I received a large number of document files, where each document has its own split archive for each page (i.e. file1.001,file1.002,file2.001,file3.001). These are meant to be TIF files that can easily be combined and converted into PDF documents.
However, some of these files will not convert through imagemagick. Some can simply be converted using a different program, which works fine. There are some files where this doesn't work. I tried converting them to .jpg, then to tif, but they won't convert to .jpg. Things got weird when I converted them to .png, as some of these files would have multiple output files associated with them.
This is hard to explain, but I'll try and give an example; file1.001 and file1.002 both have the same image present on them when converted to tif and opened. However, when either of the tif documents is converted to a .png, two .png files are created. One has the original page, but the other one has a second page of the document that I could not view previously.
What could be causing this weird behavior, and how can I convert these to pdf more reliably? I also used BlueBeam Staple to convert the files, if that helps at all. Edit: I've verified I'm on the latest imagemagick release, and I've been using it through PHP to process files. I'm running Windows 10. Also, here's some example files to play around with. The first TIF actually shows the second page, instead of the page I normally see when I open the file.
Edit 2: Sorry, I thought uploading the image would preserve the file type. Here's
CodePudding user response:
When I convert your tiff to png, I get two files using IM 7.1.0-10 Q16-HDRI or IM 6.9.12-25 Q16 both on Mac OSX Sierra.
magick -quiet 294944.tif x.png
Produces:
and
Is this not what you get or expect?
P.S.
What are the other two files: 327924.001 327924.002
If those are some kind of split tiff, then it does not look like libtiff, which Imagemagick uses to read TIFFs can handle them. I get errors when attempting to use identify
on them.
CodePudding user response:
You definitely have some issue with whatever attempted to write those tiffs.
instrument 294944 page 1 of 2 = G4 199 dpi sheet 2 of 2 294944.tif (25.17 x 17.53 inches)
instrument 294944 page 2 of 2 = G4 199 dpi sheet 1 of 2 294944.tif (24.12 x 17.63 inches)
instrument 327501 page 1 of 1 = UN 72 dpi sheet 1 of 1 327924.001 (124.78 x 93.86 inches)
instrument 327924 page 1 of 2 = G4 400 dpi sheet 1 of 2 327924.002 (23.80 x 17.53 inches)
instrument 327924 page 2 of 2 = G4 400 dpi sheet 2 of 2 327924.002 (23.84 x 17.41 inches)
Two are identified as CCITT Group 4 Fax Encoding which is common for TIFFs of this type.
Tiff is a multi image format so a multipage FAX can be viewed as one file or 4 different printing CMYK colour plates could be sent as one image file for either overlay as one check print or printed one at a time for quality inking.
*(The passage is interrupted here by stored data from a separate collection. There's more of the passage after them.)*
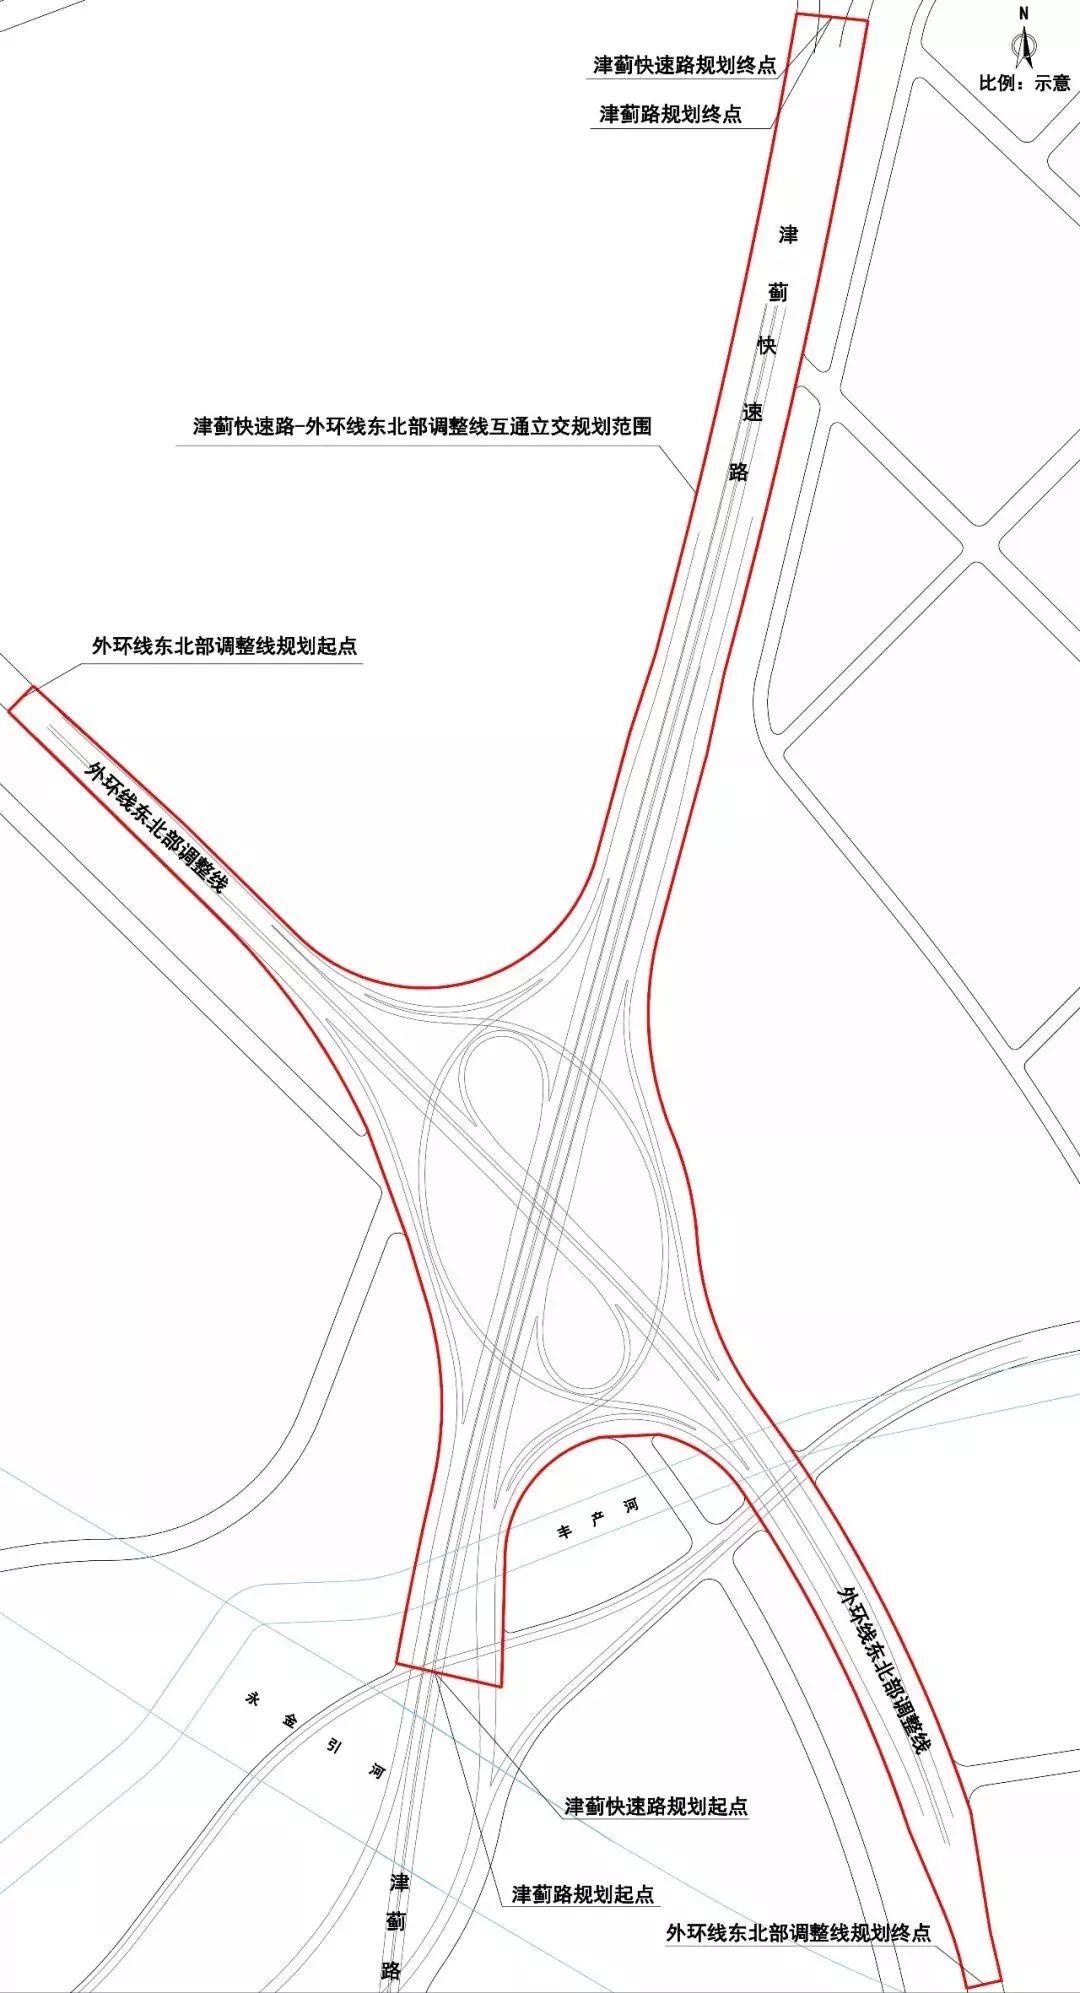 天津这个地方要建立交桥和快速路
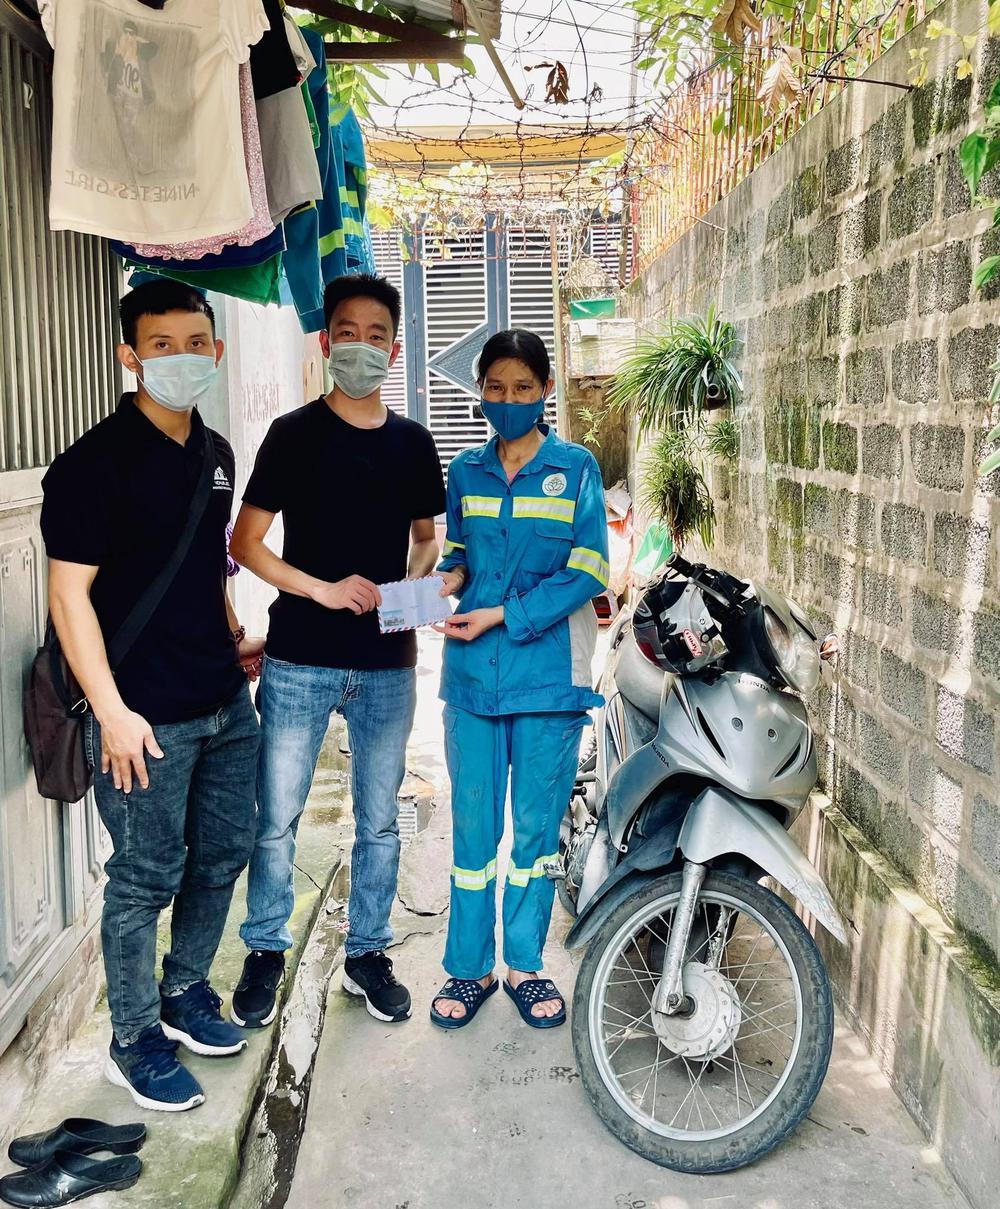 Nữ lao công bị cướp ở Hà Nội đã được tặng 3 chiếc xe máy mới - Ảnh 2.
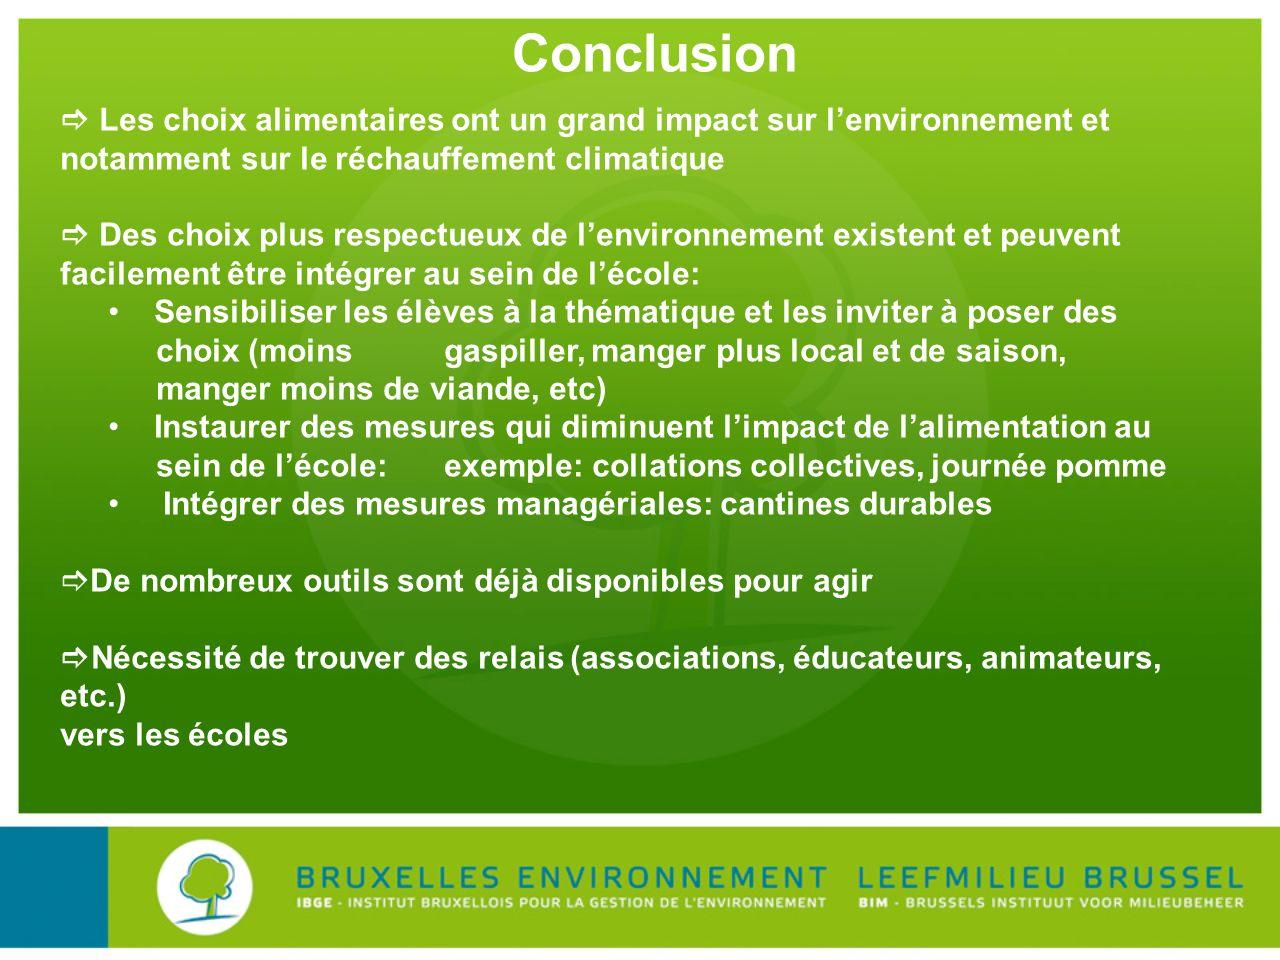 Conclusion Les choix alimentaires ont un grand impact sur lenvironnement et notamment sur le réchauffement climatique Des choix plus respectueux de le

The file name Tif (or tiff) is usually applied to files with one or more pages (even 400 for a long novel)
The extension part001.tif part002.tif is usually applied to groups of multiple pages OR for single sequential pages part1.001.tif part1.002.tif
Unfortunately for you you have a mix following a convention that seems to indicate number of pages 002 = 2 pages, but in inconsistent order, so need to check which were used for each file, as there is uncertainty.
Also the internal number does NOT always reflect the filename? perhaps transfer of interest ?
IN ADDITION you have a mix of compression methods and resolution thus cannot be sure of correct scale to be applied.
The best way to resolve this issue is decide how you wish them to be regrouped/sequenced and use the correct scale for each page or group of pages then recombine as desired into PDF.
It would help for a large number to tabulate the pages by number scale size compression etc and then process in identical groups before reorder and merge.